1 . BÖLÜM~MEZARLIK~

4K 104 4
                                    

Arkadaşlar bu kitabı daha önce okumuş olabilirsiniz. Daha önce başka hesapta yayınlamıştım. Fakat bazı nedenlerden dolayı hesabımı değiştirmek zorunda kaldığım için bu hesapta kitabın tamamını ve yeni bölümlerini bulabilirsiniz.
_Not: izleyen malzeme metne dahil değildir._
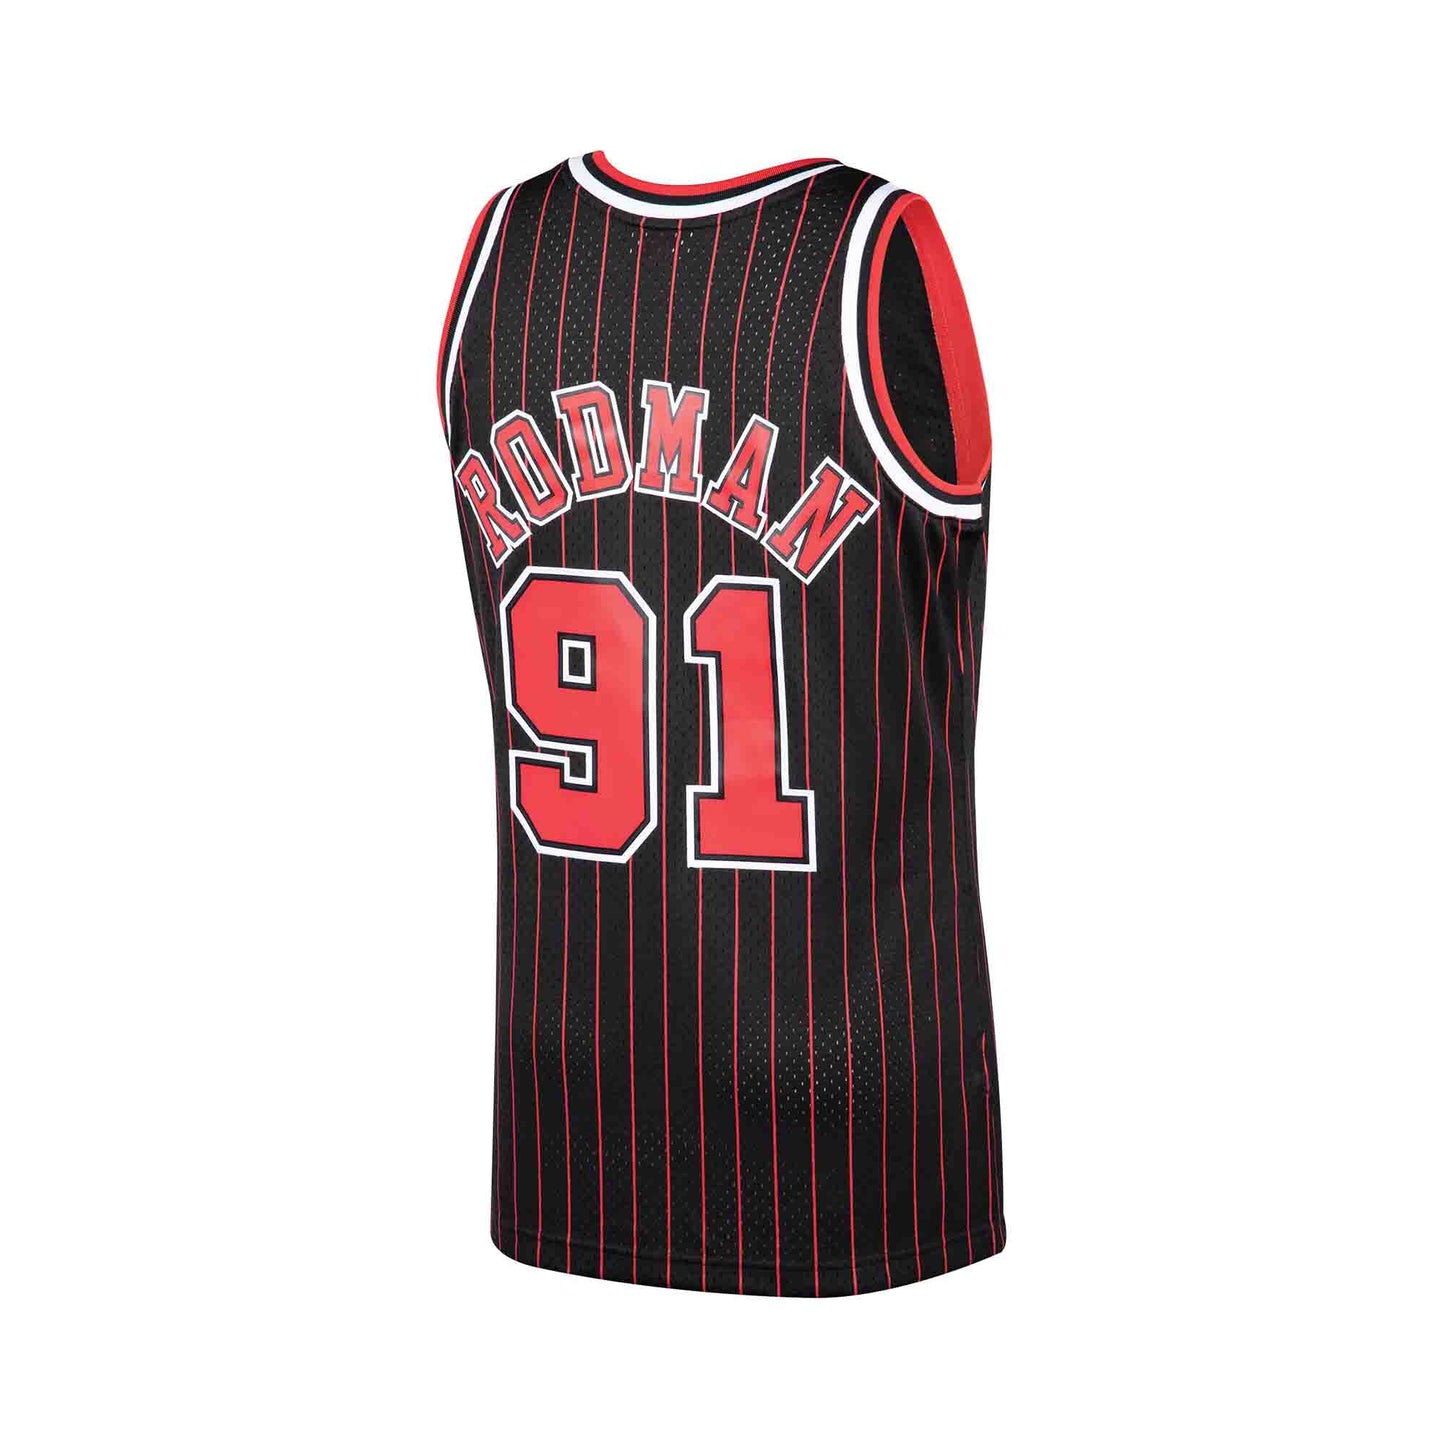 Mitchell & Ness Women's Chicago Bulls Dennis Rodman #91 NBA

Eski ve yeni tüm pinokyolarımaa iyi okumalar öpüldünüz

~

"Gözlerini kapattığında beni görüyorsan, Ben ordayım kalbinde "

♡♡♡

"Buyurun hanımefendi geldik"

Beni ele geçiren saçma düşüncelerden ayrılıp taksiye para ödedikten sonra mezarlığa doğru adımlarımı atmaya devam ettim. İçimde hala garip bir his vardı. Buraya ilk defa yalnız geliyordum.
Mezar taşında 'MELEK TUNÇ ve HALUK TUNÇ' yazısını görmekle gözlerimin dolmasına engel olamadım .Onların yanında ağlamamalıydım onlar benim üzülmememi isterdi .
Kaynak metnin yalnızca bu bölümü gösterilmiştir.